::: DATA FOR PROCESSING
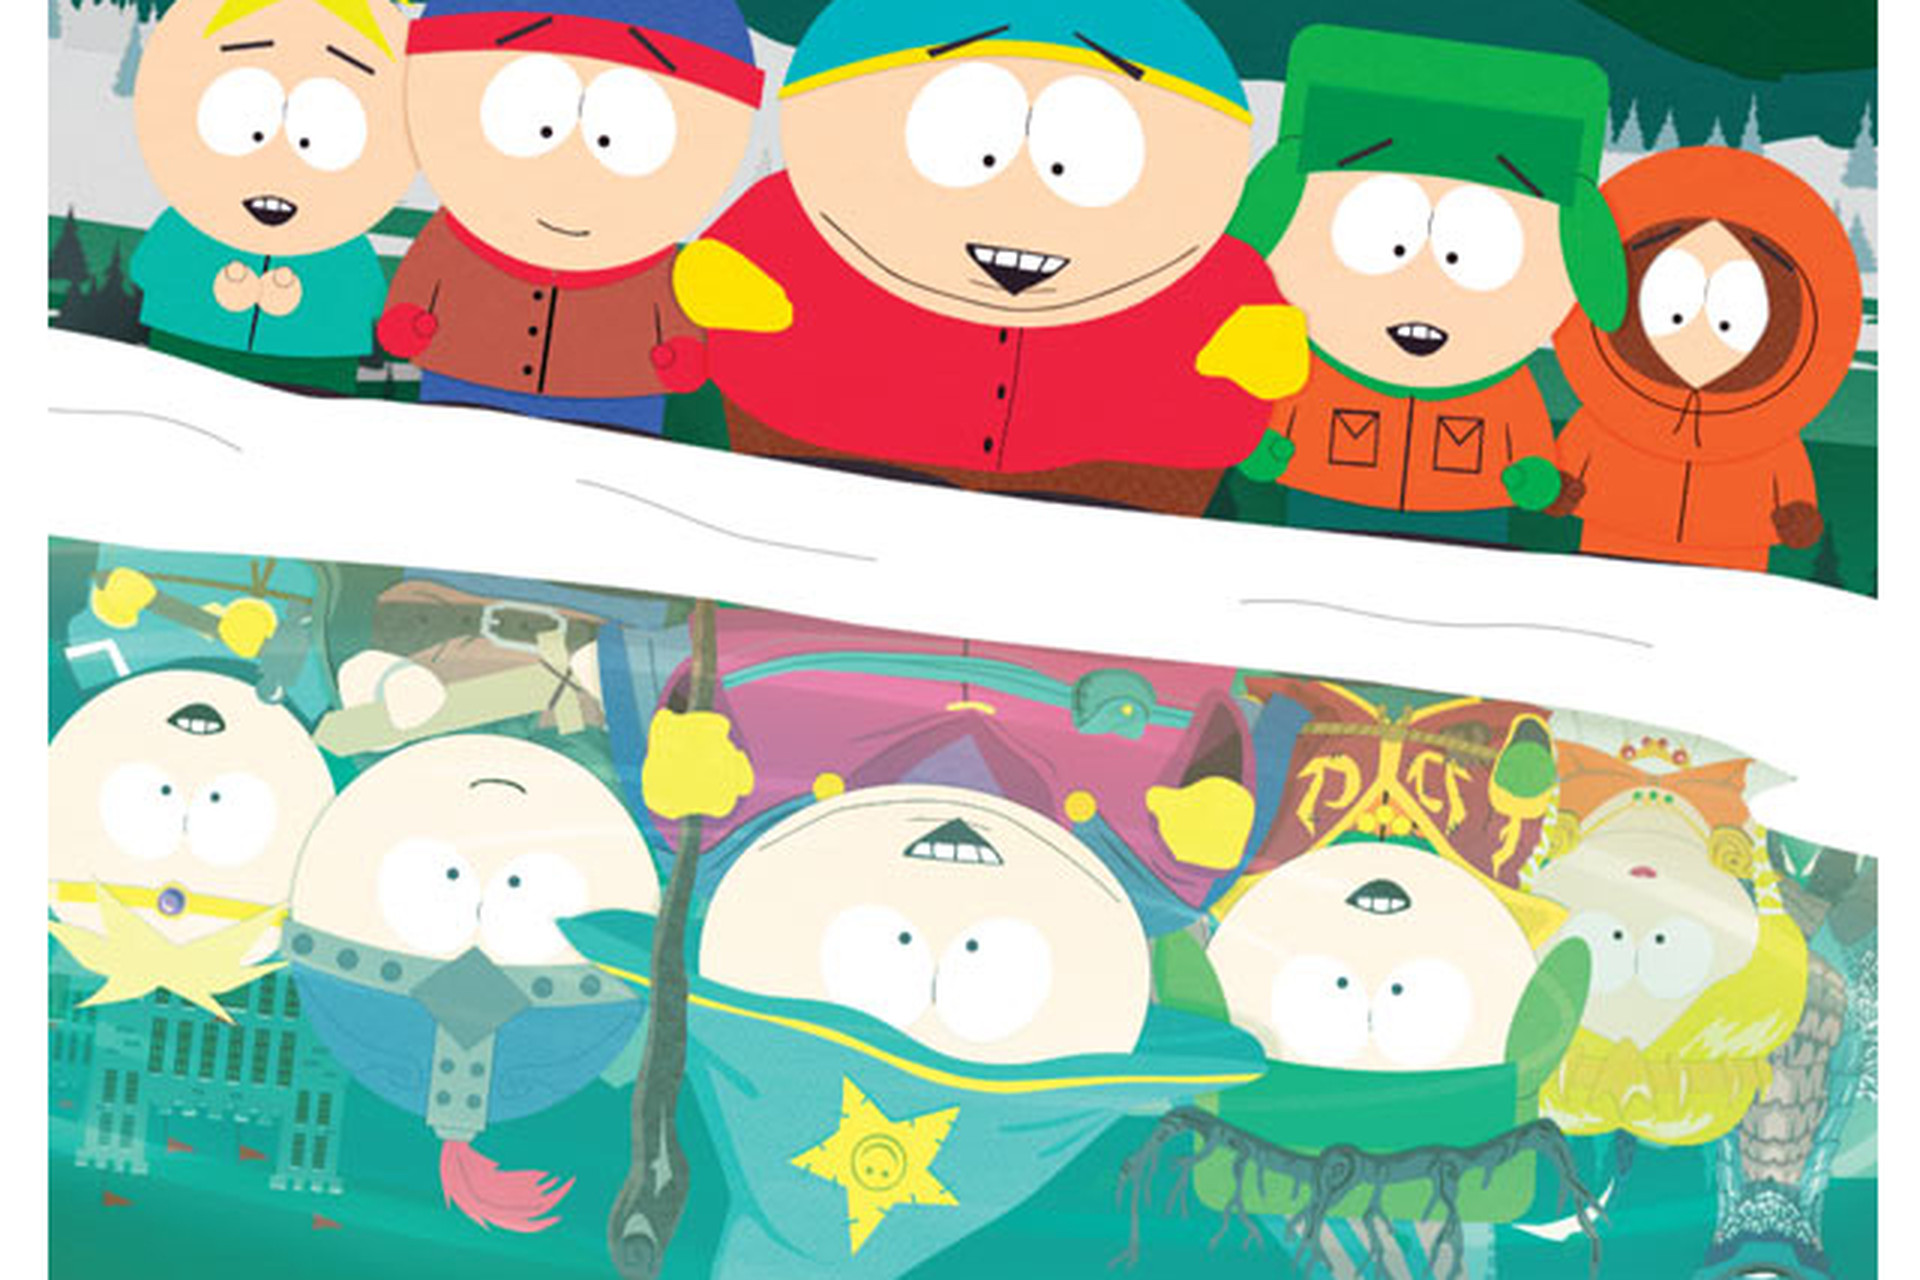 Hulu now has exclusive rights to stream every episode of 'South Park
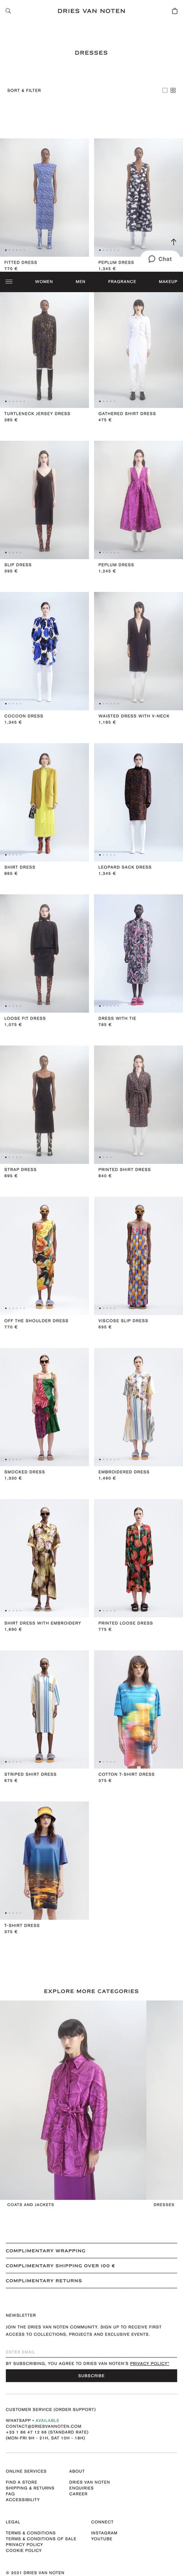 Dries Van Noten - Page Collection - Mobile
::::::
::: DATA FOR PROCESSING
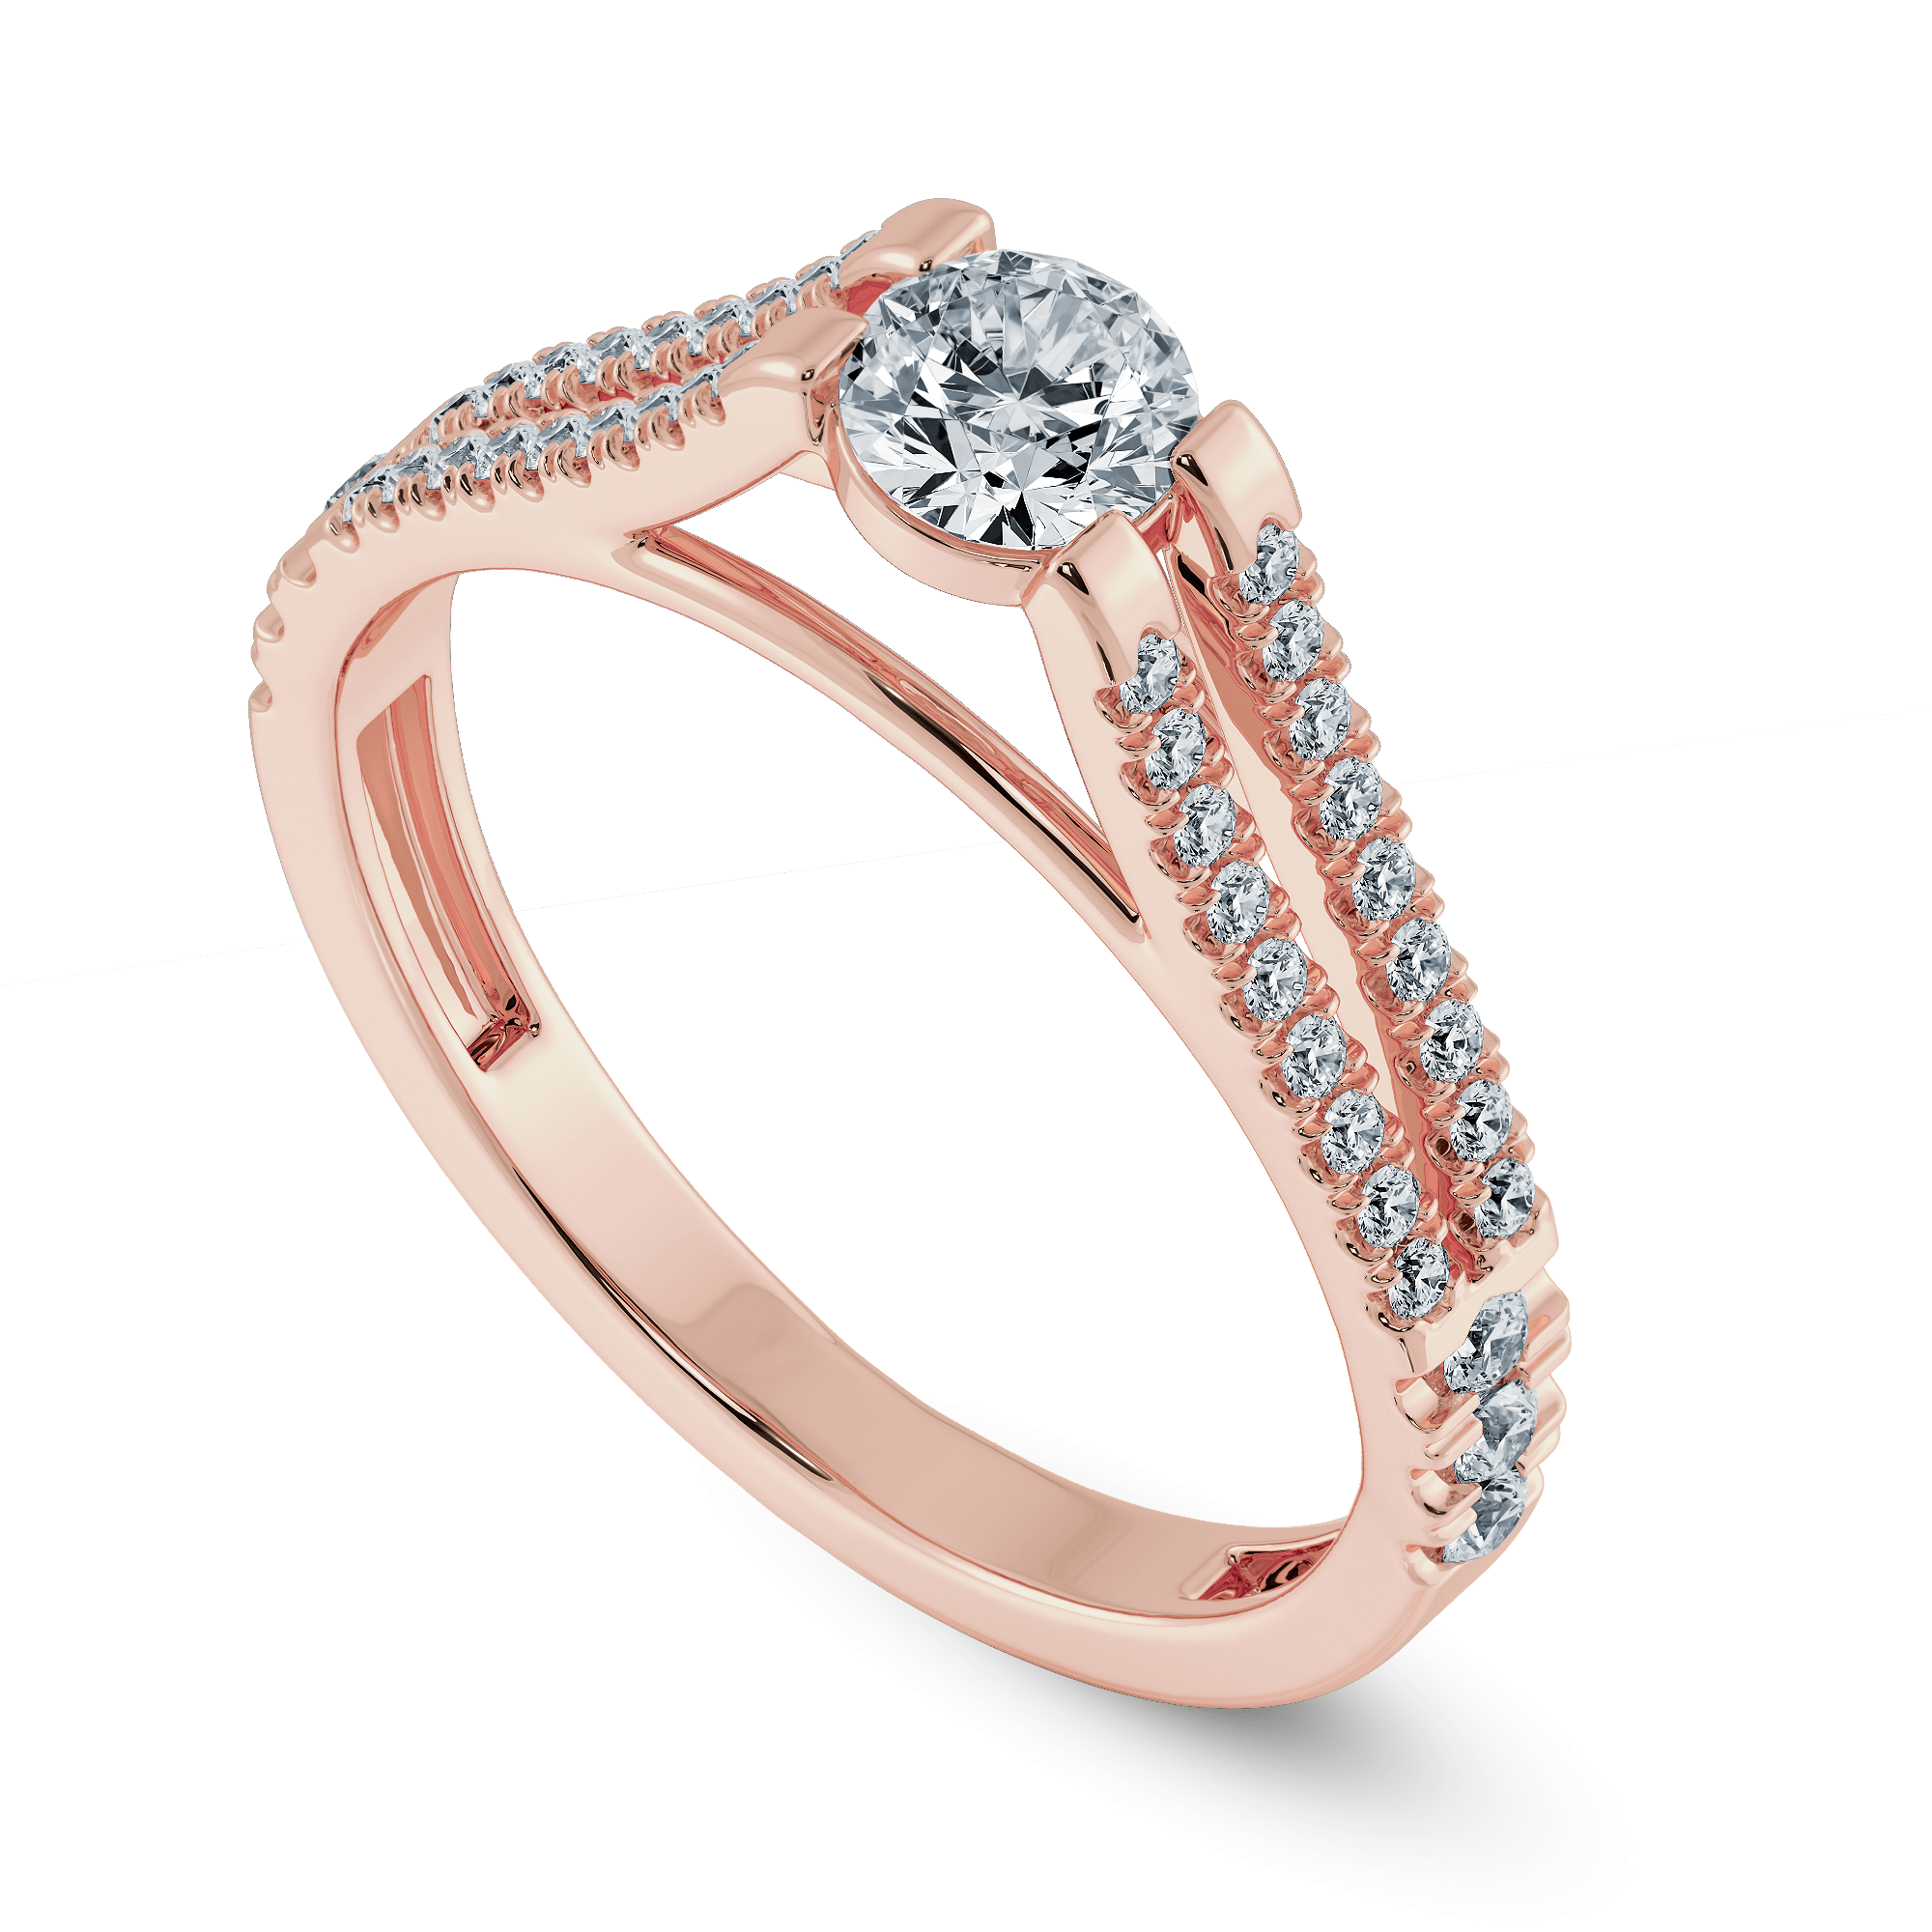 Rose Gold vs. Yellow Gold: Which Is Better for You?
::::::
::: DATA FOR PROCESSING
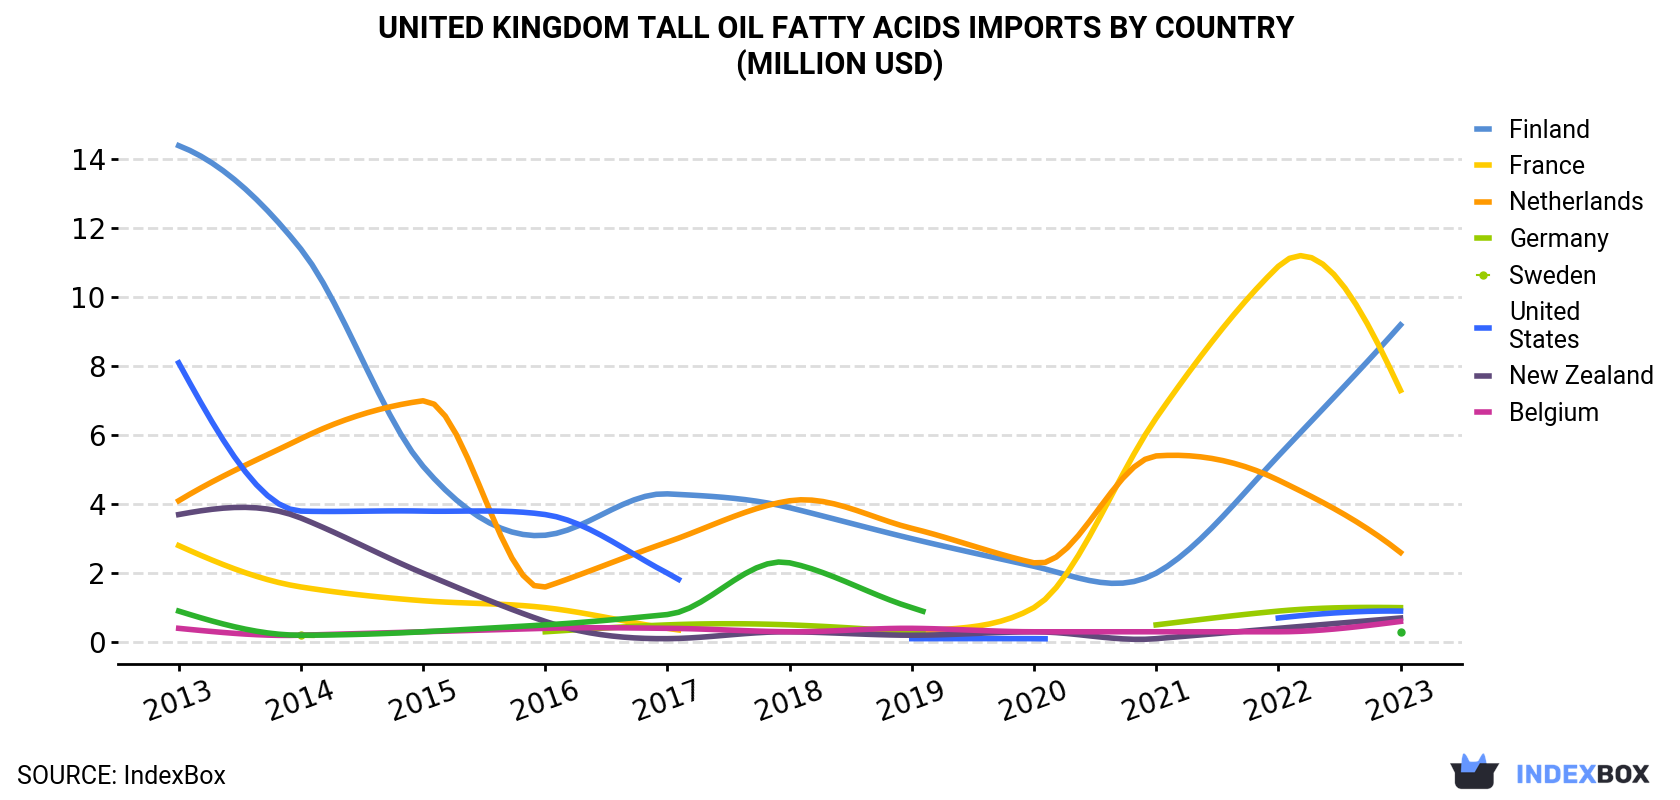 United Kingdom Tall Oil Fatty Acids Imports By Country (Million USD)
::::::
#### WHAT YOU NEED TO DO:
Copy out the listing above from the line containing "Hulu now has" to the line containing "Dries Van Noten - Page Collection - Mobile", both included, exactly as written and minus the images.

#### SOLUTION:
 Hulu now has exclusive rights to stream every episode of 'South Park
 Dries Van Noten - Page Collection - Mobile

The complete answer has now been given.